Audio files to characterize the room response are also available:

Lab41-SRI-VOiCES-< room >-< signal >-mc< mic_ID >-< mic_type >-< mic_location >.wav

As are recordings of distractor noise only or ambient room background only:

Lab41-SRI-VOiCES-< distractor_noise >-mc< mic_ID >-< mic_type >-< mic_location >.wav


Possible descriptors for room, distractor noise, microphone type, and microphone location, are show in the table below.

File Code Type Definition
rm1 Room Room-1: dimensions 146” x 107” (x 107” height)
rm2 Room Room-2: dimensions 225” x 158” (x 109” height)
scr Source audio Source audio for foreground speaker
none Distractor noise No distractor noise played
musi Distractor noise Music distractor noise played
tele Distractor noise Television distractor noise played
babb Distractor noise Babble distractor noise played
stu Mic type Cardioid dynamic studio microphone
lav Mic type Omnidirectional condenser lavalier microphone
clo Mic location Closest to foreground speaker- on table
mid Mic location Mid-distance to foreground speaker- on table
far Mic location Farthest to foreground speaker- on stand
beh Mic location Behind foreground speaker- on stand
cec Mic location Overhead on ceiling, clear
ceo Mic location Overhead on ceiling, fully obstructed
tbo Mic location Partially obstructed - table
wal Mic location Fully obstructed - wall
impulse Signal Two seconds with transient sound in middle, for room response
swoop Signal Rising tone for 20 seconds, for room response
tone signal Steady tone for 15 seconds, for room response


All the data is contained in two main folders: distant-16k, containing all the audio recordings, and source-16k, containing the audio files used from LibriSpeech, corrected for DC offset and normalized to each file’s peak amplitude. The WAV files for the source audio are organized in subdirectories by speaker ID. The distant-16k has three main subdirectories:

The directory hierarchy is shown below :


Microphone Details

Microphone identification numbers are unique to a specific microphone location and type, defined below.
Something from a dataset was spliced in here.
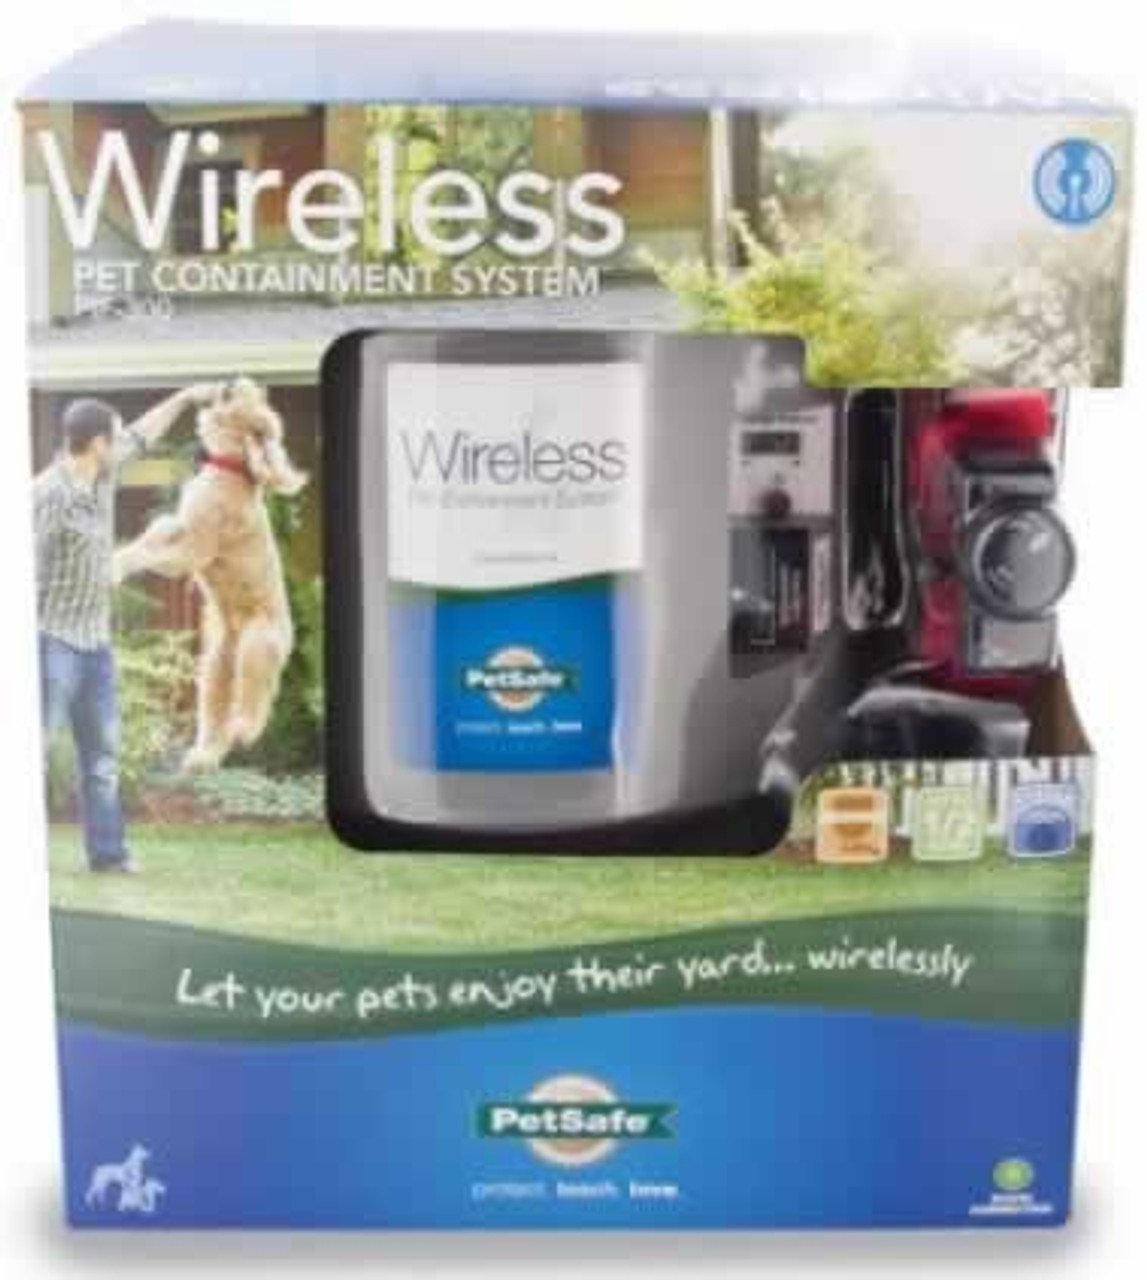 PetSafe Wireless Containment System - CountryMax

Mic_ID Location Model Type
01 clo SHURE SM58 stu
02 clo AKG 417L lav
03 mid SHURE SM58 stu
04 mid AKG 417L lav
05 far SHURE SM58 stu
06 far AKG 417L lav
07 beh SHURE SM58 stu
08 beh AKG 417L lav
09 tbo AKG 417L lav
10 cec AKG 417L lav
11 ceo AKG 417L lav
12 wal SHURE SM11 lav


Distance (inches) between microphones and loudspeakers or floor, for Room-1 and Room-2 recordings.

Foreground Distractor 1 Distractor 2 Distractor 3 Floor
Mic_ID rm-1 rm-2 rm-1 rm-2 rm-1 rm-2 rm-1 rm-2 rm-1 rm-2
01 38 80 71 112 71 84 53 64 42 39
02 38 80 71 112 71 84 53 64 42 39
03 72 131 35 81 56 58 52 95 42 39
04 72 131 35 81 56 58 52 95 42 39
05 119 228 72 101 33 104 83 186 70 70
06 119 228 72 101 33 104 83 186 70 70
07 29 29 115 193 133 170 94 94 70 70
08 29 29 115 193 133 170 94 94 70 70
09 58 109 64 98 60 65 49 82 28 25
10 75 128 90 107 108 103 106 104 105 105
11 75 128 90 107 108 103 106 104 106 106
12 130 116 861 116 40 115 81 164 12 10

Licensing

VOiCES is publicly available released under Creative Commos BY 4.0, free for commercial, academic, and government use. Please do reference VOiCES if using the data in publications.